Only seconds later, only seconds it seemed, a pack of demon dogs charged down the path. One paused to throw up its head, scent the air. But they ran on.
In the shadows, Breen saw a glimmer of light flash—here, then gone.
“She’s safe now. It’s now, and she’s safe. She’s in Talamh again. Sedric and Nan have her.”
Exhausted, Breen let her head fall back, let it all drain. She dropped down into the chair again, with the globe in her lap, the dog at her feet. And slept.
Keegan found her there an hour before dawn. Bollocks gave a couple of taps of his skinny tail, then went back to sleep.
“And why would she sleep in a chair when there’s a perfectly good bed in the next room?”
Baffled by her, annoyed with her for no reason he cared to name, he rubbed at the stiffness in his neck.
He should wake her, send her to her own bed. If she wanted to take out the dog or go for one of her walks, he’d have someone go with her.
Or he could just carry her into his bed, take the chair for himself, as he didn’t expect sleep to come to him for a while yet.
In any case, he wanted a drink and time to sit, just sit and think.
He started to lift her up, and the moment he touched her, she shot awake.
“Keegan.” She laid a hand on his chest. “You’re back. What time is it? Did you find her?”
He straightened, decided on whiskey. “Plain to see I’m back,” he said as he poured three fingers into a cup. “What difference is the time? And we didn’t find her.”
“I’m sorry.”
“No more than I. I never thought her clever enough to hide more than a few hours at best. Not in the dark and the cold when she’s used to soft beds and warm fires.”
Because it grated, he sat with his whiskey and said what had circled in his mind throughout the search. “It’s a lowering thing to understand I never knew her, not as I thought. I knew the flaws and faults, but they seemed shallow things and nothing I couldn’t overlook for my own pleasures.”
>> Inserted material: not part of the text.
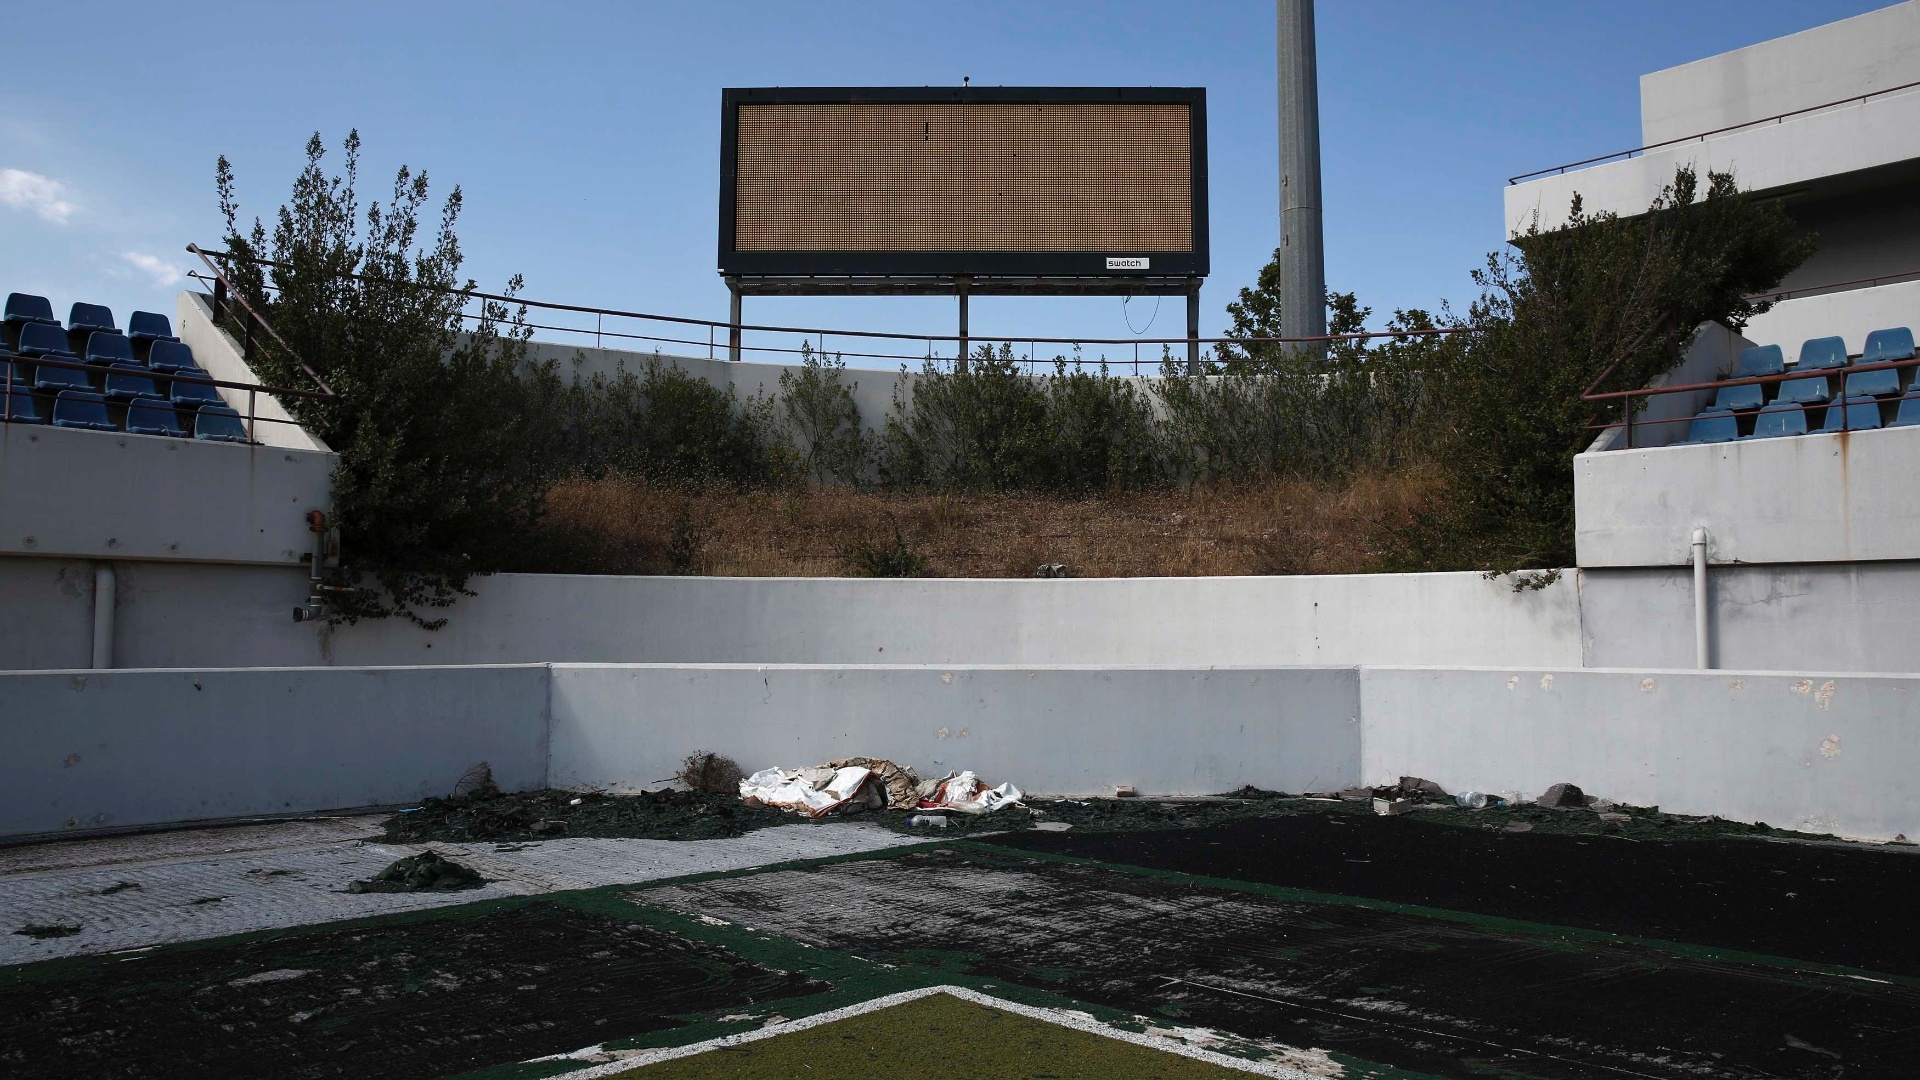 16.jul.2014 - Estádio que recebeu os jogos de hóquei na grama na Olimpíada de Atenas também está inutilizado, 10 anos depois após o evento

“Stop. She doesn’t deserve to have you blaming yourself.”
He shrugged at that, drank. “I see the shallow things she had no qualms in letting me, or anyone, see hid deeper flaws. Darker ones. And for all her love of soft beds and good wine and shiny things, she’s evaded more than two dozen who search for her through the night.”
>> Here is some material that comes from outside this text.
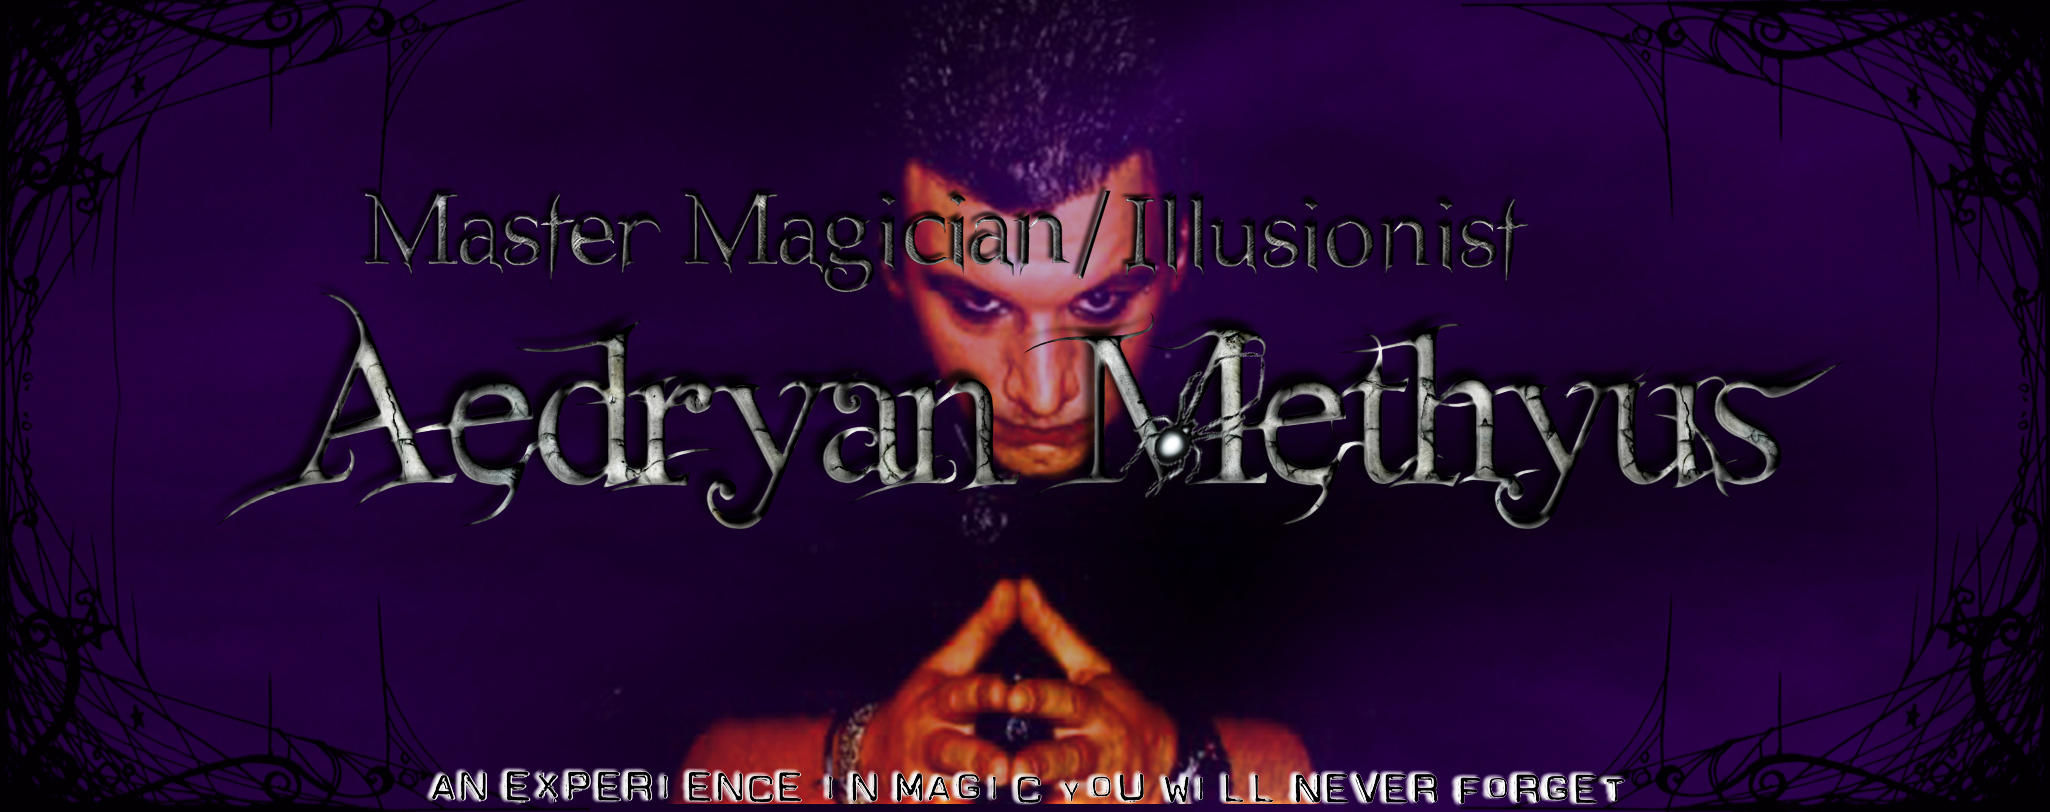 Live Magic Magician Illusionist Photos Pictures Pics

“She’s desperate, and desperation gives her an edge.”
“When the light comes, the word will go out, and more will search. Who might she hurt in her desperation before we find her? And when we do, the law allows only one end.”
He turned the cup in his hands, stared into the whiskey. “She’ll never know a soft bed again. You’ll have to speak at the Judgment, and I’m sorry for that. And so will Kiara, and I’m sorrier yet for that.”
It tore at him, she thought. All of it tore at him.
“She never understood you, or that the power you have carries such weight. Shiny things like these gorgeous rooms don’t balance that scale.”
He sat back, watching her as he drank. “Are they gorgeous then?” He glanced around. “I’d rather be home, in the valley. In the quiet.”
“So would I.”
He looked back at her, smiled. “Would you now?”
“The Capital’s beautiful and exciting, the views are stunning. The people are lovely. But there are so many of them.”
“Aye, by the gods.” He closed his eyes, just for a moment, then half toasted her with his whiskey. “Well then, you could’ve kept your mouth shut all those years ago, and not floated around in the lake with your hair all swirling like fire in the water, and telling me the sword was meant for me.”
“You’d have taken it anyway. It’s who you are. Wait. What did I look like, when you saw me on the day you became taoiseach?”
“As you do.”
“No, I mean, as I am—not a kid? You were, what, like fourteen, so I’d have been around twelve. Did I look twelve?”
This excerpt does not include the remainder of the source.